In particular, for a real $x < 0$ you have
$$ \operatorname{Log}(x) = \operatorname{Log}(|x|e^{\pi i}) = \log(|x|) + i\pi.$$
Calculators and software that can calculate this complex logarithm, will often default to using this when asked to calculate the logarithm of a negative number.
Step 2: interpreting the absolute value.
While the absolute value $|\;.\,|$ is defined on the real numbers, there is natural extension to the complex numbers: the modulus function
$$|\;.\,|: \mathbb{C} \to \mathbb{R}^+: z = a+bi \mapsto \sqrt{a^2+b^2}.$$
Again, many calculators and software will default to this function when asked to calculate the absolute value of a nonreal number.

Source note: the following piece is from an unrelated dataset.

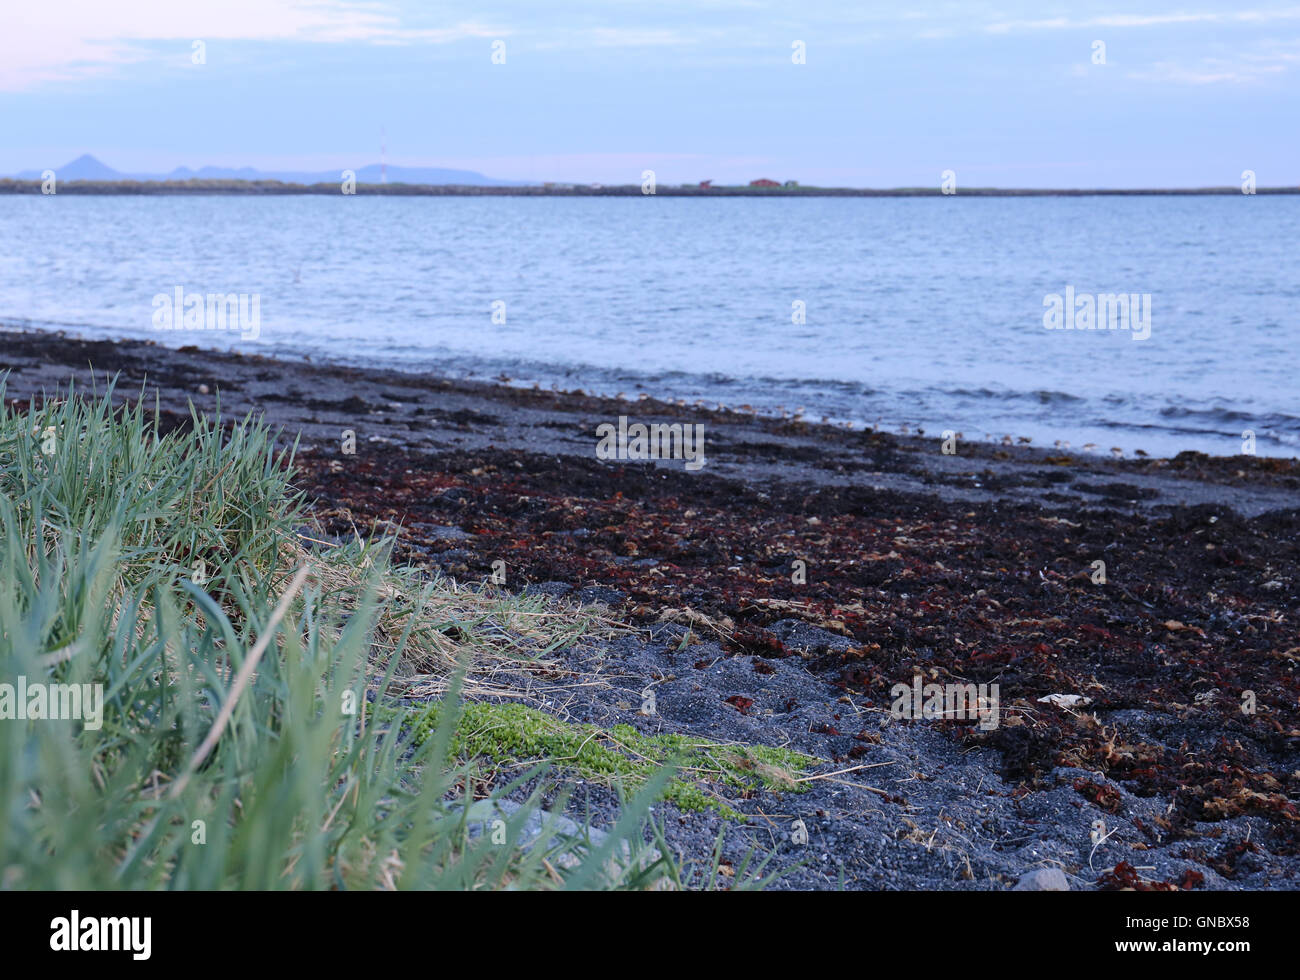 Icelandic blue hour, Iceland in summertime - Stock Image

In the case of $\operatorname{Log}(x)$ with $x < 0$ a real number, we have:
$$|\operatorname{Log}(x)| = |\log(|x|) + i\pi| = \sqrt{\log(|x|)^2 + \pi^2}.$$
Result:
The function $$f: (0,+\infty) \to \mathbb{R}: x \mapsto e^x |\log (x)|$$
gets extended to the function
$$f: \mathbb{R}\setminus \{0\} \to \mathbb{R}: x \mapsto \left\{\begin{array}
{ll}
e^x |\log (x)| &\text{ if } x > 0\\
e^x \sqrt{\log(|x|)^2 + \pi^2} &\text{ if } x < 0
\end{array}\right.,$$
which is what you get on your graphing app.